For many days, I've wondered how to automate the establishment of a reverse tunnel.
I've many remote Raspberry using NAT inside their LANs, and one Raspberry that I use as server, reachable from the Internet.
I've implemented on my website a system to send to remote Raspberries single commands.

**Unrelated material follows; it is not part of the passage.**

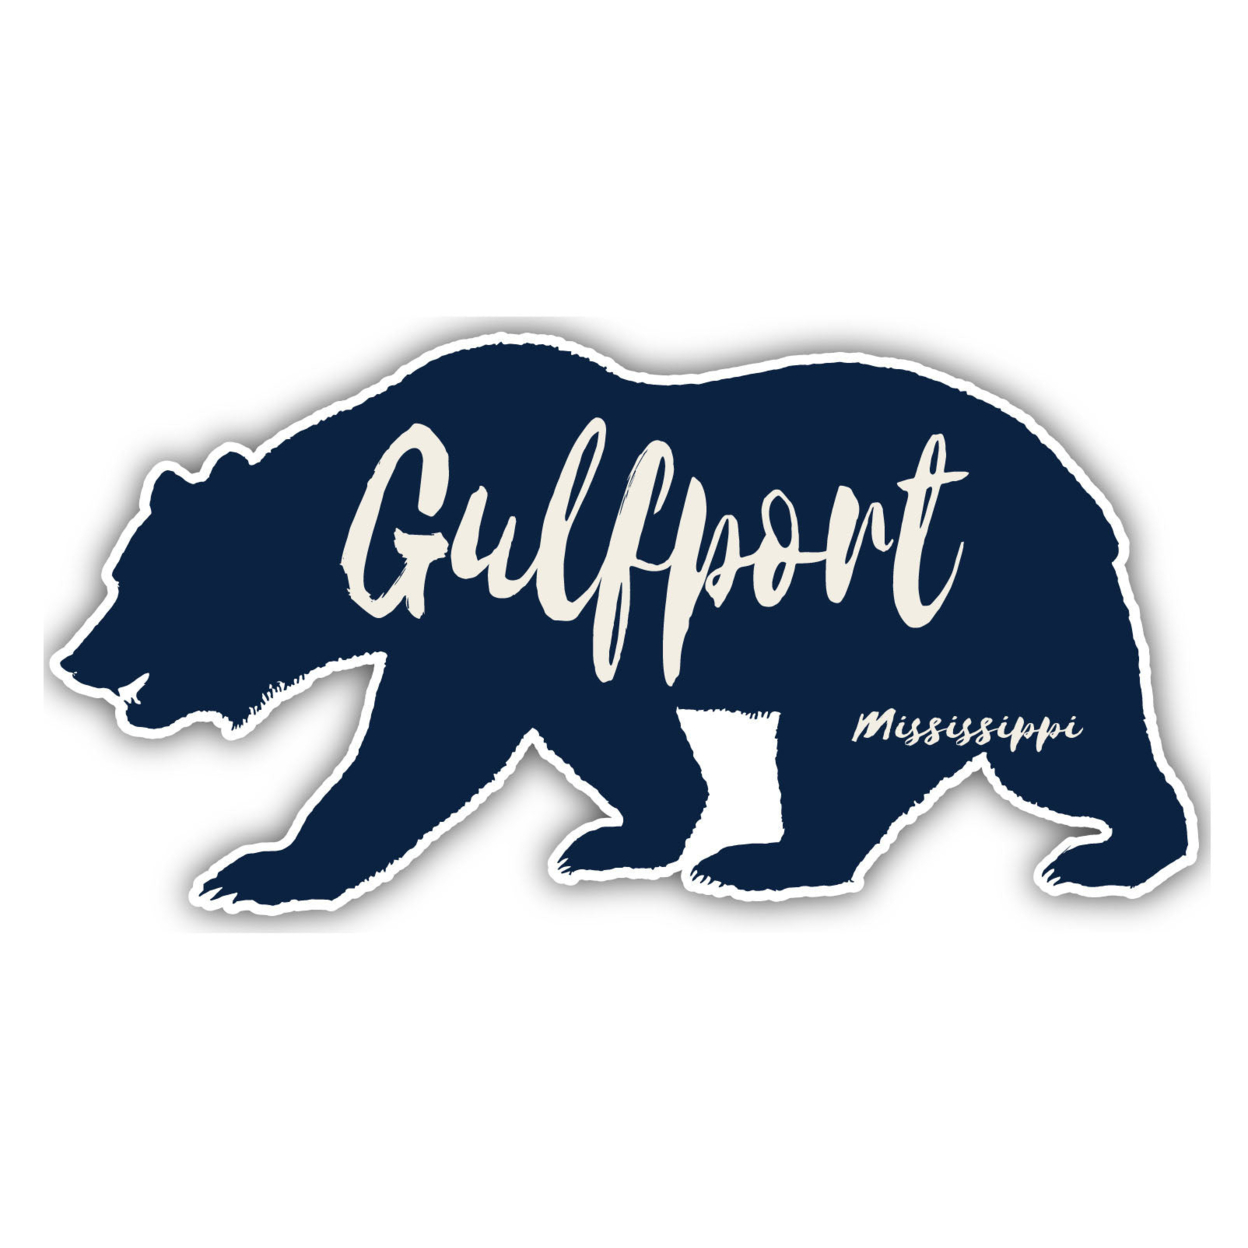 Gulfport Mississippi Souvenir Decorative Stickers (Choose Theme And Size) - Single Unit, 8-Inch, Bear

Every remote Raspberry checks every minute (crontab) the presence of commands available, and if is there is one, then it downloads the command, creates an executable file and runs it. Here is the code of the crontab file:
#! /bin/bash
sudo wget -c --output-document=ipdiscover.php "www.myserver.com/checkforcommands.php";
comando=$(cat ipdiscover.php);
sudo rm "/esegui.sh";
echo "#! /bin/bash" >> /esegui.sh;
echo "" >> /esegui.sh;
echo -e $comando >> /esegui.sh;
echo "exit 0" >> /esegui.sh;
sudo chmod +x /esegui.sh;
sudo /esegui.sh;
sudo rm "ipdiscover.php";
sudo date >>/tmp/crontest.txt;
This system functions very well, but I can't use it to establish the reverse tunnel.
If, on remote server, I run this code:
sudo /usr/bin/ssh -gNnT -R 2222:localhost:22 pi@publicserverIP;
then all works correctly, but if I run it from the crontab script, it does not work.
I created the certificates without a password, and I sent it from remote Raspberry to server in order to make no login access.